L’exercice philologique qui suit n’a pas valeur de démonstration. Il ne vise pas, par le biais d’un examen des anciens usages d’un certain lexique et de ses étymologies, à assigner un sens particulier au « commun », et surtout pas à prétendre en dévoiler la signification profonde, comme s’il pouvait y en avoir une qui soit plus « vraie », plus « authentique ». À l’inverse, la démonstration se déploie à partir de la conviction que la philologie, tout comme l’étymologie, participe d’une dimension politique. Derrida souligne à divers endroits de son œuvre l’importance de soumettre ces pratiques à l’examen : « l’étymologie ne fait jamais la loi et ne donne à penser qu’à la condition de se laisser penser elle-même » (2000 : 54)42.

Lorsque l’étymologie du mot « communication » est proposée à partir de la combinaison du latin cum et unus, c’est un agenda qui s’expose. Il ne doit pas s’agir dans les lignes qui suivent de proposer un contre-agenda, mais bien d’ouvrir le « commun » à l’ambivalence problématique qu’un agenda déterminé cherchait à recouvrir. Plus précisément, l’objectif de l’examen qui suit est double. D’une part, il s’agit de donner à voir comment la tradition chrétienne charge le terme « communauté » de certaines valeurs dont hérite en partie l’idéal de communication examiné précédemment. D’autre part, il s’agit de montrer que l’idée de commun, loin d’être entièrement déterminée par cette tradition, manifeste très tôt le caractère équivoque qui lui est toujours reconnu aujourd’hui.

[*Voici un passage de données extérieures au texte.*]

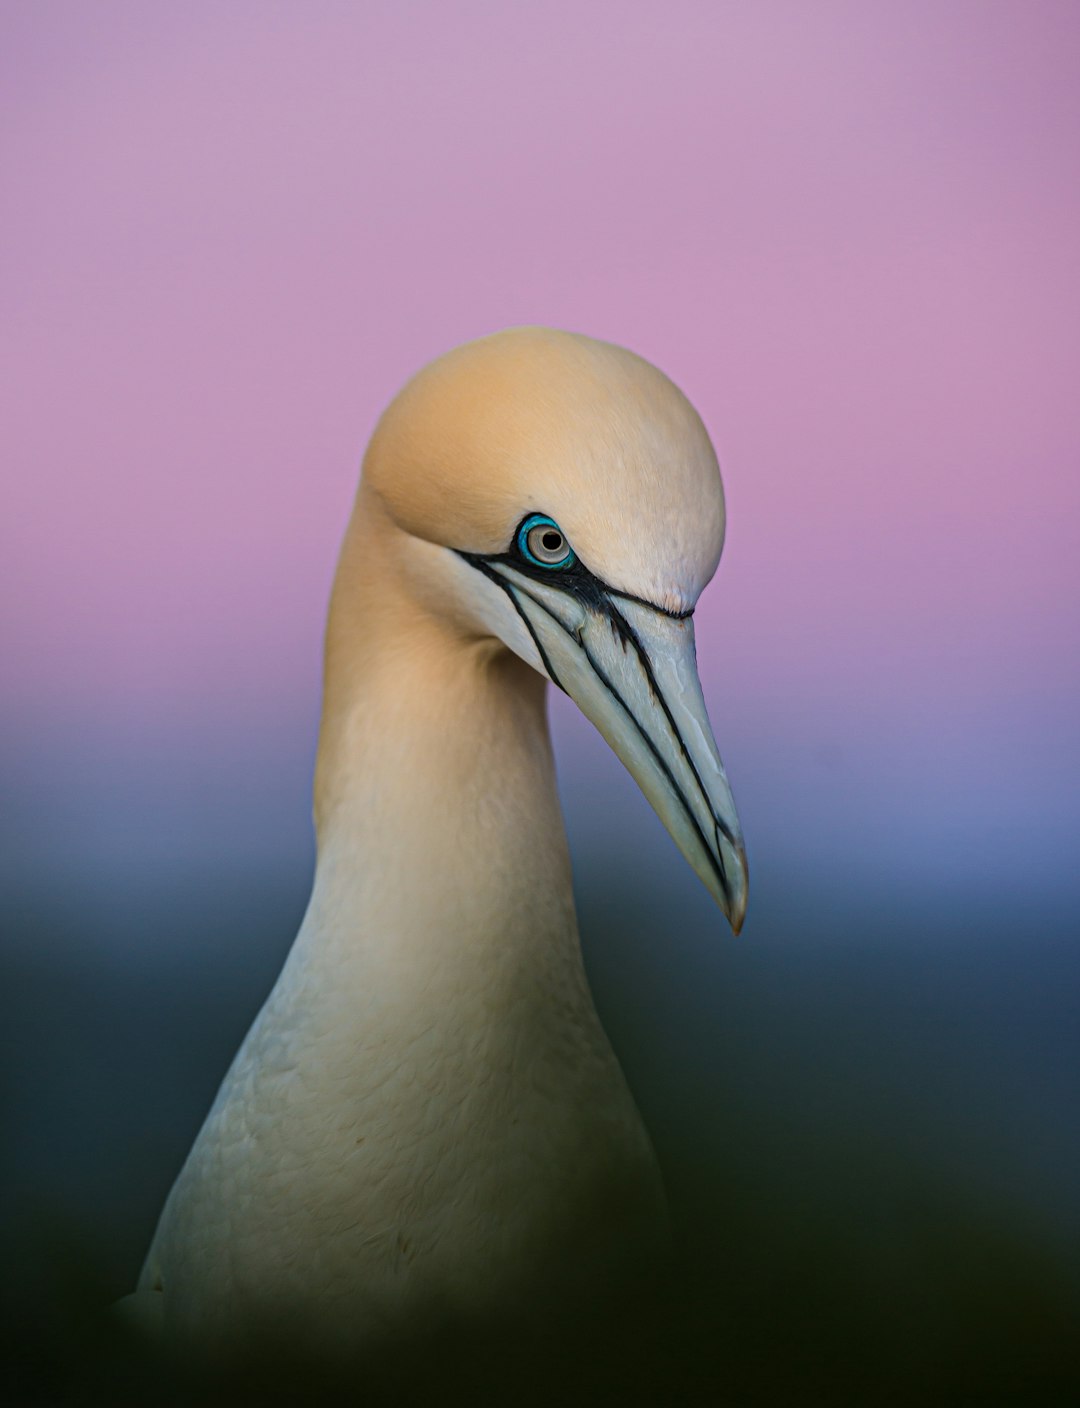 Gannet with an intense view with pink morning sky in the background

Si le mot « communication » signifie bien étymologiquement « mettre en commun », cela ne se traduit pas naturellement par l’idée de partager quelque chose, pas plus que par l’idée de réduire le niveau d’incertitude afin d’atteindre des buts collectifs ou d’accroître le degré d’organisation. En fait, d’un point de vue étymologique, il serait possible d’arguer que la signification du mot « communication » est inverse : il s’agit du processus par lequel des termes sont maintenus en équilibre précaire non pas par quelque chose, mais par un rien qui n’est pas tout à fait rien, mais qui est l’espace même du partage, au double sens de ce terme. Afin de donner à penser cette interprétation non traditionnelle de ce qu’est la communication et d’ainsi parvenir à mieux comprendre l’ambivalence sournoise qui gît au sein de l’idéal de communauté, un détour philologique est nécessaire.

1.4.2. Unus

L’origine du mot « commun » — qui sert de base à celui de « communication » — s’explique habituellement de deux manières différentes. D’un côté, il est dit être composé de la conjonction de cum avec unus, et de signifier par là le rassemblement de la multitude éparse en une unité (Rousseau, 1991 : 3; Delanty, 2012 : x). Cette explication a certainement l’avantage d’être intuitive. L’autre manière consiste plutôt à suggérer la conjonction de cum avec munus, où le munus est compris comme un cadeau, une offrande, un service. L’étymologie suggère alors le partage en commun de ces dons. Ce sont ces deux étymologies qu’il s’agit d’abord d’examiner.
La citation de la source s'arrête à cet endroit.